> **EXERCISE DATA**
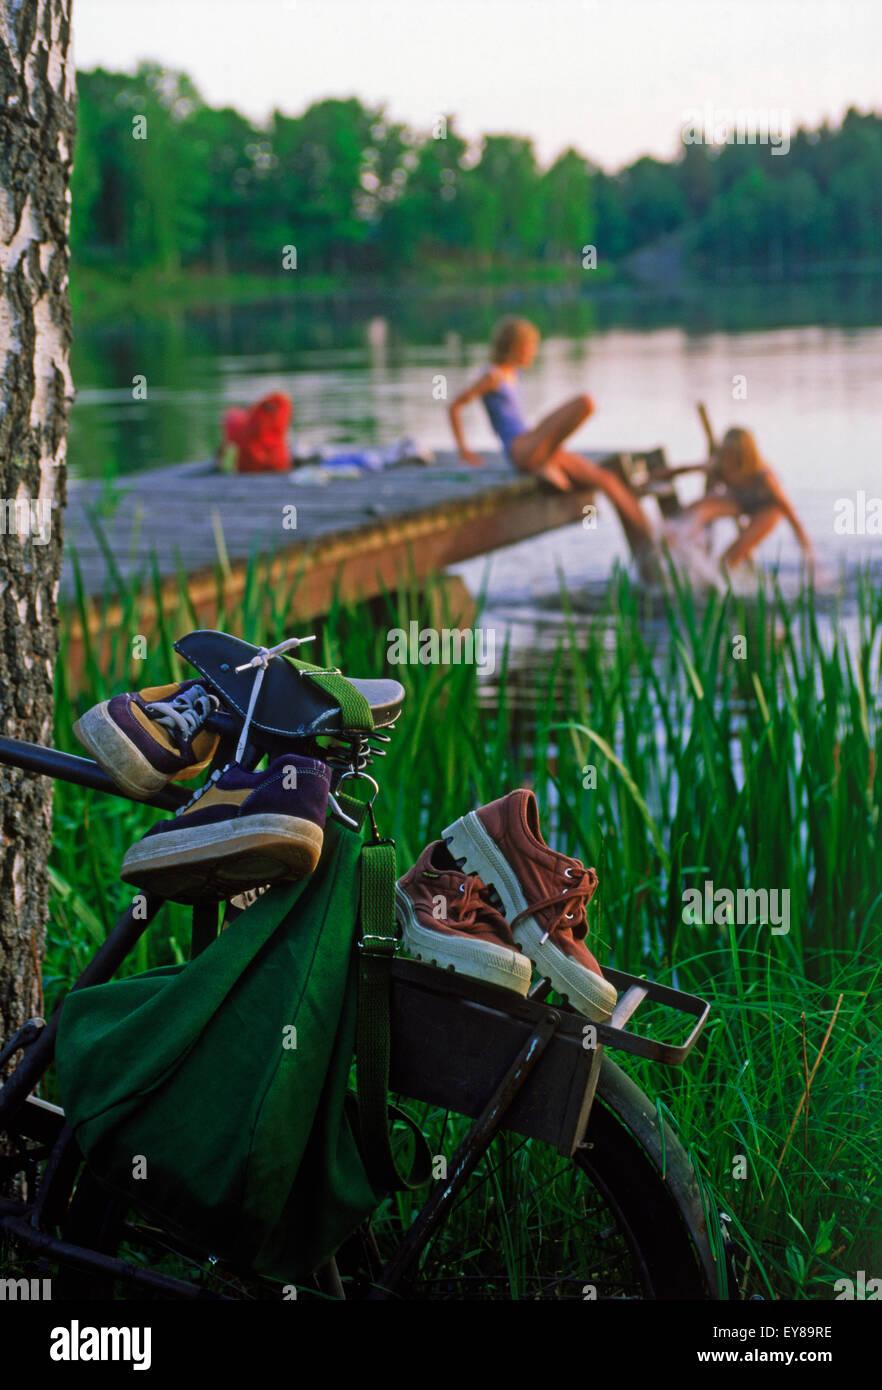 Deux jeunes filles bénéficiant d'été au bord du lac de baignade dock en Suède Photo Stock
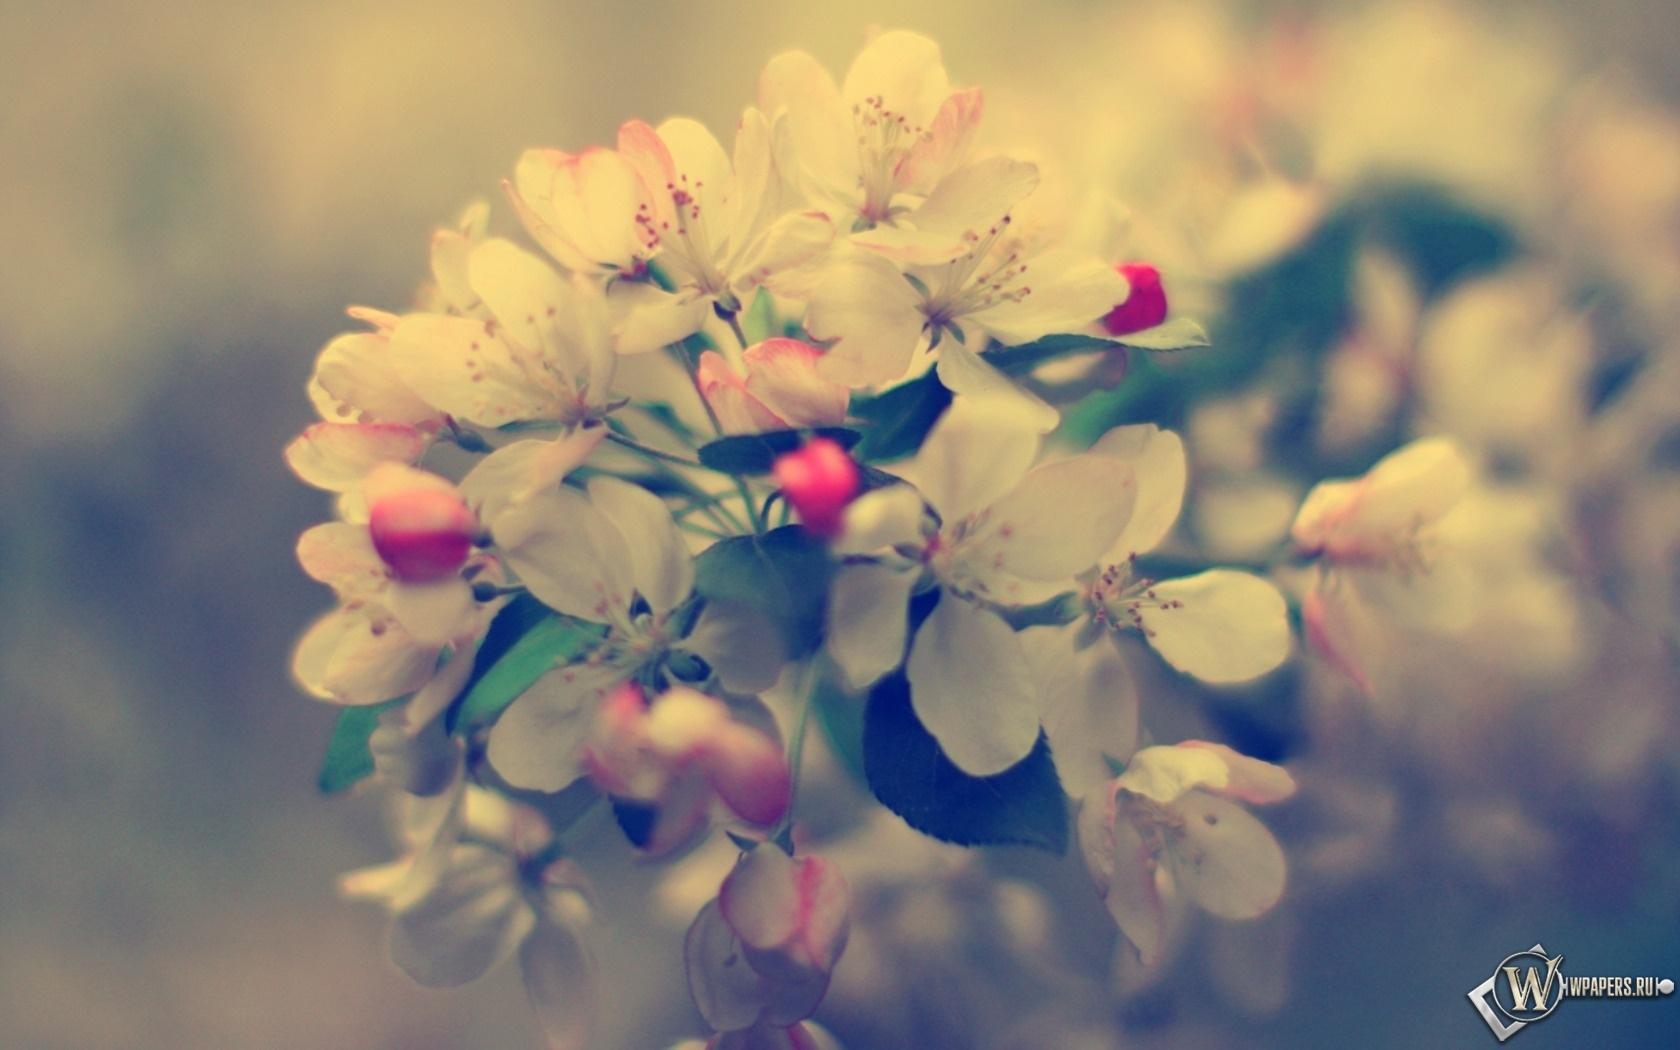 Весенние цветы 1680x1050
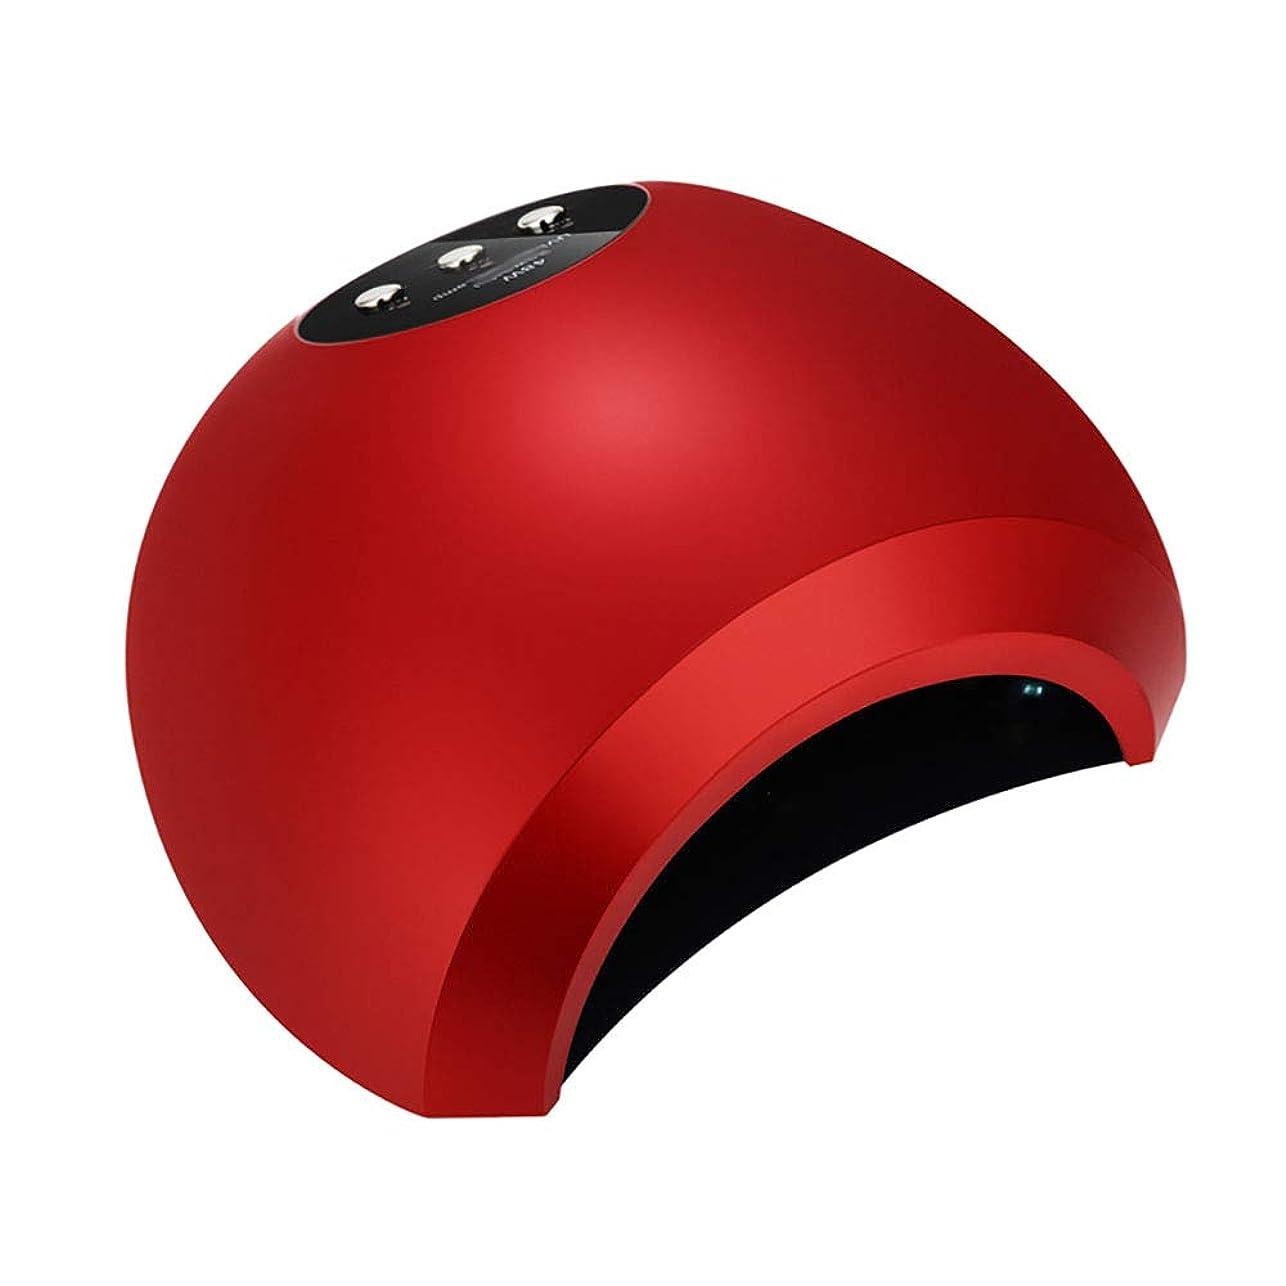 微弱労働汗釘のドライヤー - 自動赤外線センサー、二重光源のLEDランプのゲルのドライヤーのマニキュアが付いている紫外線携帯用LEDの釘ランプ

> **WHAT YOU WILL DO**
Retype exactly, and only, the lines from the one containing "Весенние цветы 1680x1050" through the end of the material, leaving aside every picture.

> **RESULT OF THE TASK**
 Весенние цветы 1680x1050
 微弱労働汗釘のドライヤー - 自動赤外線センサー、二重光源のLEDランプのゲルのドライヤーのマニキュアが付いている紫外線携帯用LEDの釘ランプ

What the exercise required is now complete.